The high potency cannabis that is now widely available may raise the risk of both psychosis and addiction, a report published Monday in The Lancet Psychiatry finds.
The potency of cannabis — measured by how much THC is found in the product — has been rising for nearly half a century, increasing by approximately 0.29% each year from 1970 to 2017, according to earlier research. THC is the chemical in cannabis responsible for its psychoactive effects.
That change could have important implications for public health, experts say.

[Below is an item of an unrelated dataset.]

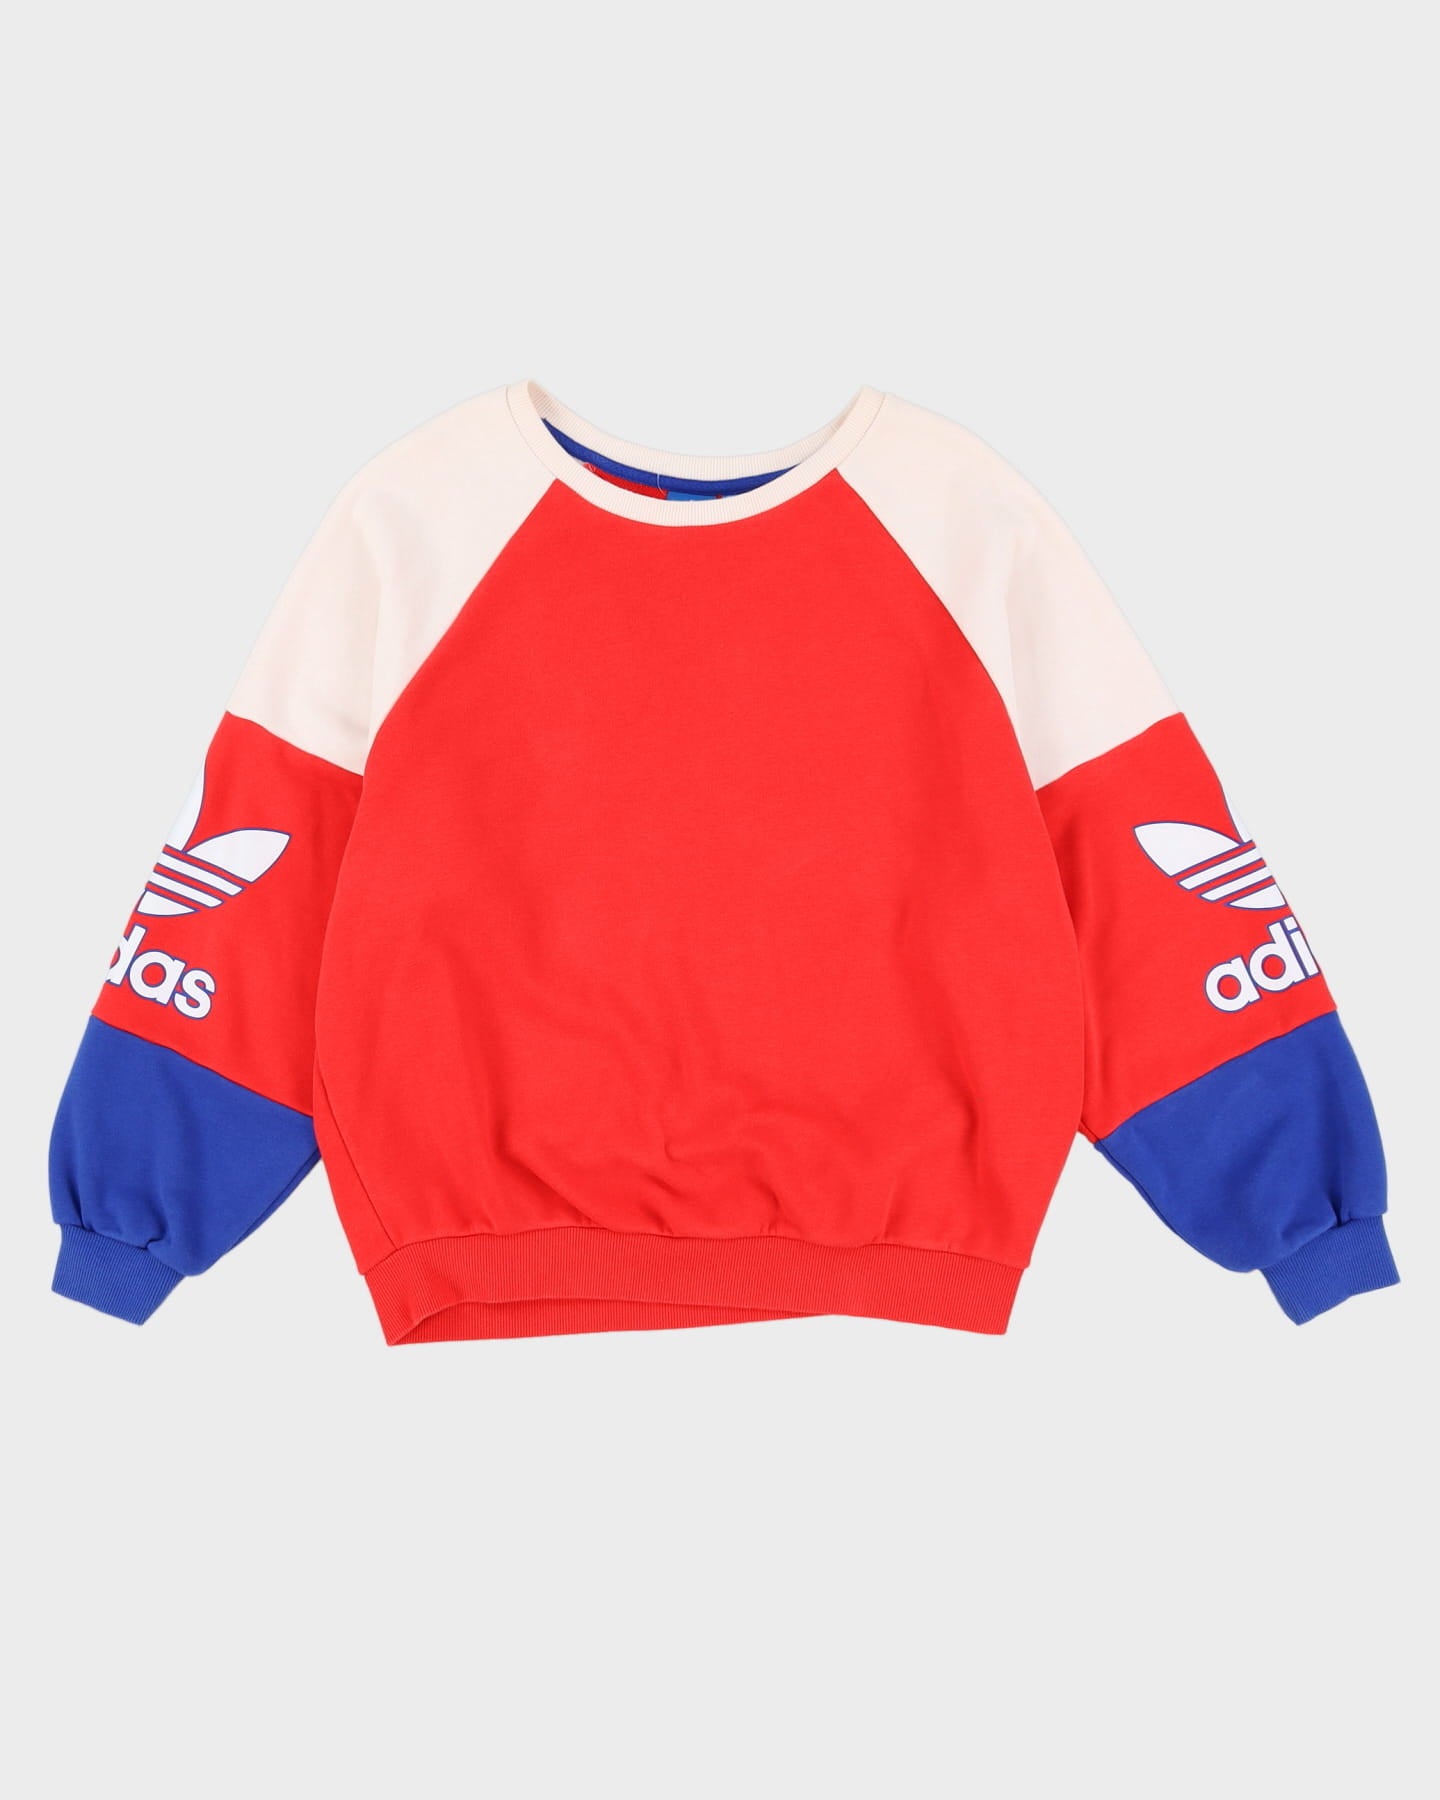 Adidas Red / White / Blue Colour Block Oversized Sweatshirt - S

“With the increasing strength of cannabis available in the US and around the globe, it’s important to understand the long-term health outcomes that might be associated with using these types of products as compared to what has traditionally been available,” said Ziva Cooper, director of the UCLA Center for Cannabis and Cannabinoids.

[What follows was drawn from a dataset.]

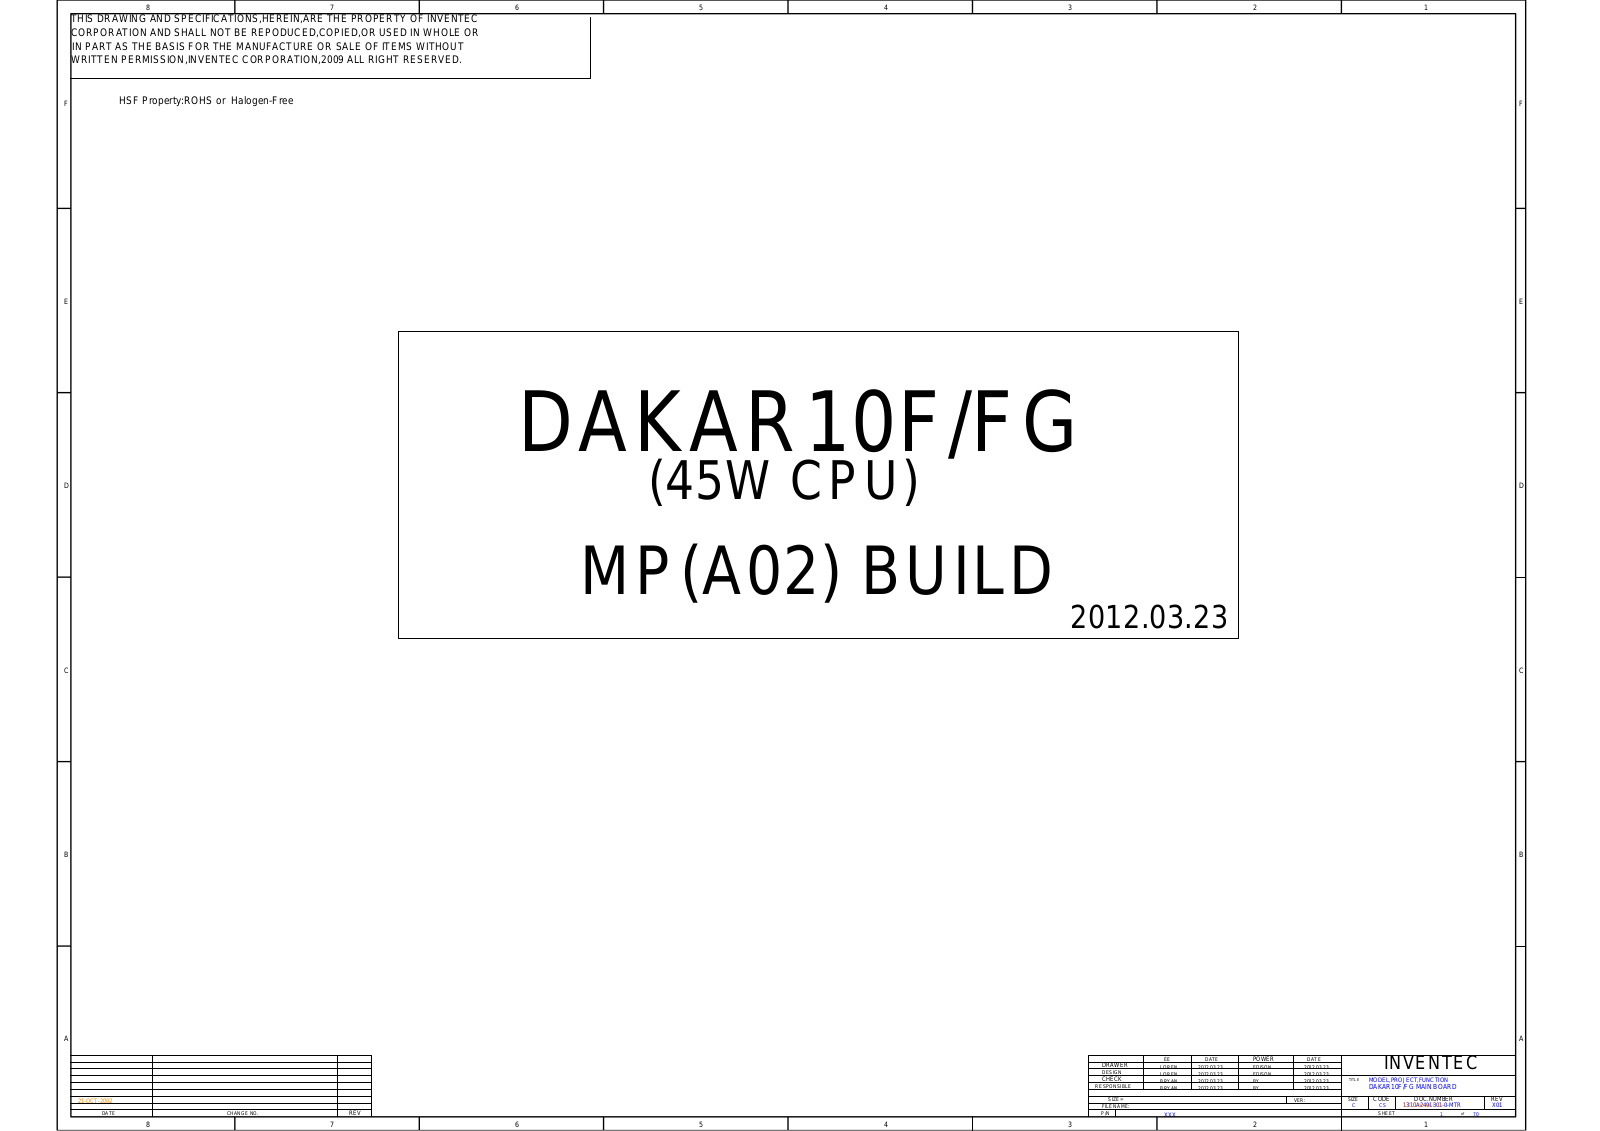 Toshiba DAKAR10F/FG (45W CPU), MP(A02) BUILD Schematic

Marijuana is legal for recreational use in 19 states plus Washington, DC, according to the National Conference of State Legislatures. Vermont is the only state that has a potency cap for cannabis products, though other states are looking into adding limits.
The finding that high potency cannabis is associated with a greater risk of psychosis and addiction “definitely should give people pause,” Cooper, who was not involved with the new research, said.
In Monday’s study, researchers analyzed data from 20 studies that included a total of nearly 120,000 cannabis users. They found that people with a first episode of cannabis-related psychosis were much more likely to have been using a product with high levels of THC than a product with low levels of the intoxicating chemical. Those using high potency weed were also much more likely to become addicted, compared to those who used low potency cannabis.
“We know from animal studies that higher doses of THC are more likely to cause addiction than lower doses,” said the study’s lead author, Kat Petrilli, a doctoral student in the department of psychology at the University of Bath in the United Kingdom. “As people are exposed to higher doses of THC through the use of higher potency cannabis, this may increase the likelihood that it can cause long-term changes, such as to cannabinoid receptors in the brain which are associated with psychosis risk.”
In addition to psychosis, the studies included in the analysis focused on the impact of high potency cannabis on several other aspects of mental health, including anxiety, depression and addiction.
The studies consistently showed an increased risk of psychosis among those using high potency cannabis as compared to those using low potency products, with one report finding a nearly sevenfold rise in risk. When it came to addiction, the research showed an increased risk in those using high potency products compared to low potency cannabis, with one report also revealing a nearly sevenfold increase in risk.
The studies were mixed when it came to high potency cannabis and anxiety and depression.
The fact that the researchers were only able to find 20 studies that met the criteria for inclusion in their analysis underscores how little research exists on this topic, Cooper said. The study still leaves many questions to be answered, she said, adding that the field is still “in its infancy.”
One issue is that the studies included in the new report had data only on whether people were using cannabis monthly, weekly or daily, she said.
It’s important to look more closely at the daily users and to ask how many times a day they are using, Cooper said. “I think absolute THC exposure will be a really important variable as we start thinking more deeply about this,” she added.
“Choosing to use lower potency cannabis products could help to make cannabis use safer and offers a sensible strategy for harm reduction,” Petrilli said.